**WORK INSTRUCTIONS**
Keep to one stretch of the data below, the lines from the one with "Happy 85 th" up to and including the one with "Thames & Kosmos", and return that stretch exactly.

**EXCERPTED DATA**
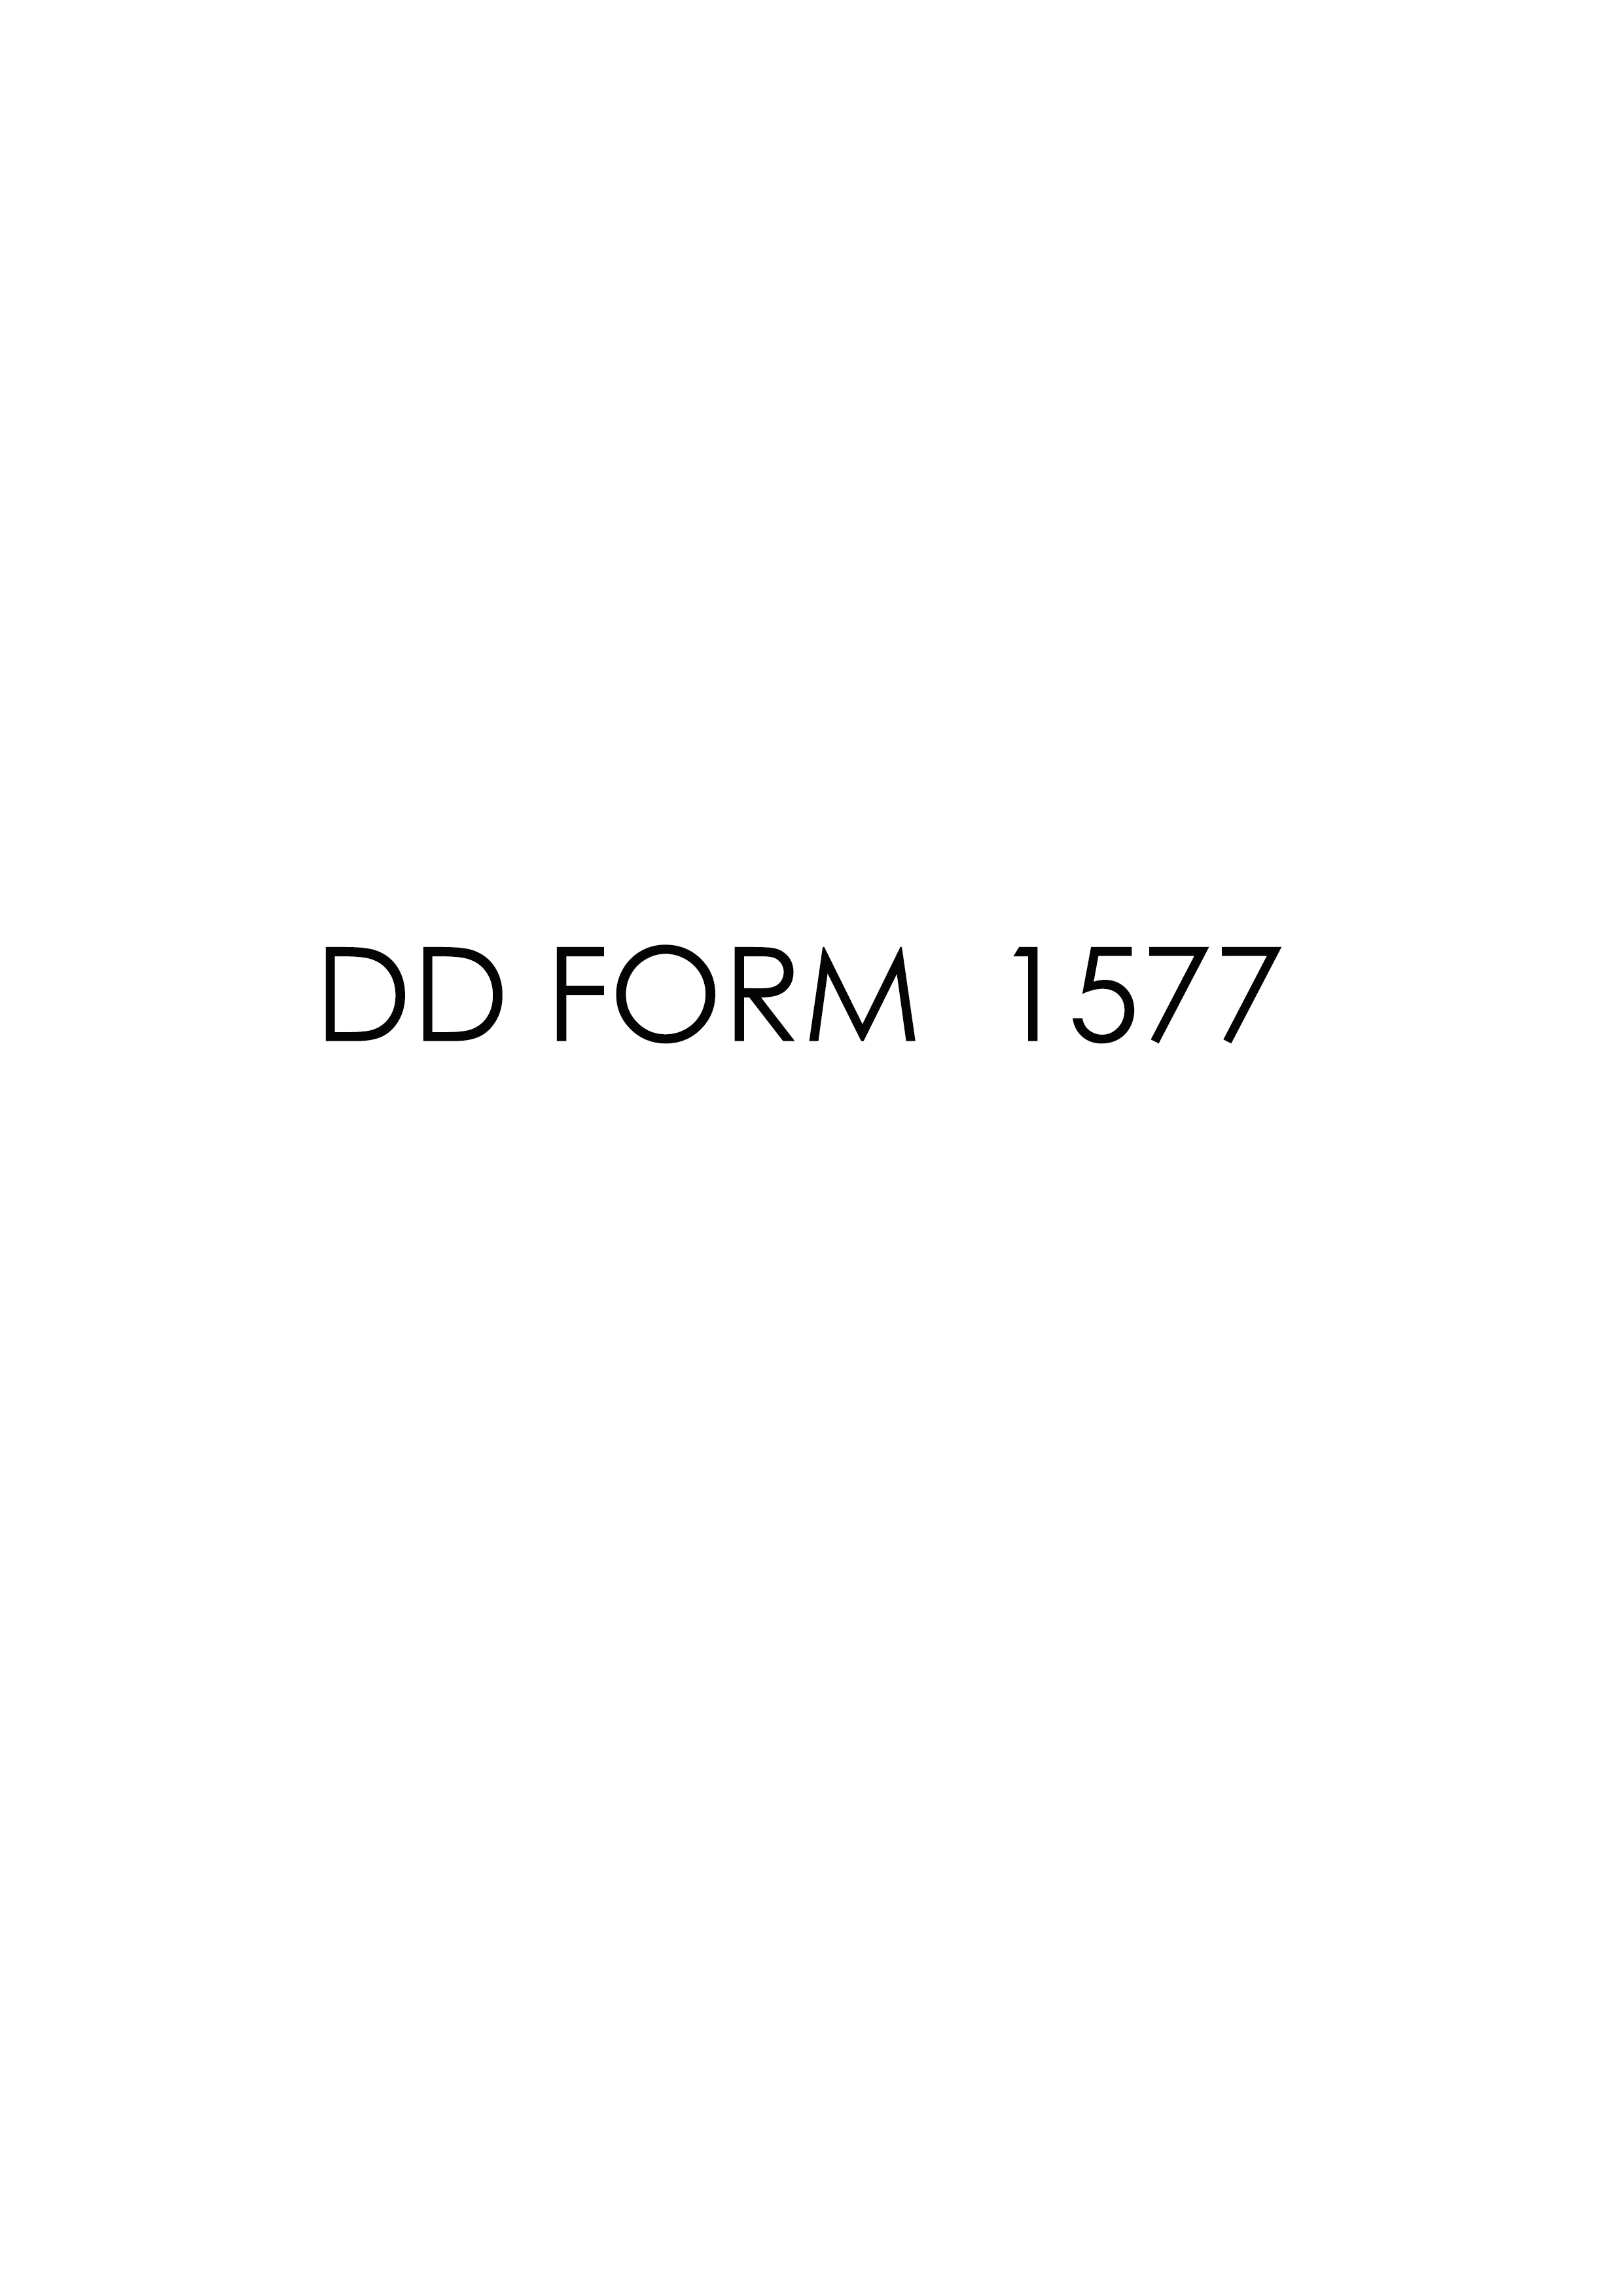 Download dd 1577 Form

==

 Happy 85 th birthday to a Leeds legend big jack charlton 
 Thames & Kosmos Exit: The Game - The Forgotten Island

**ANSWER AREA**
 Happy 85 th birthday to a Leeds legend big jack charlton 
 Thames & Kosmos Exit: The Game - The Forgotten Island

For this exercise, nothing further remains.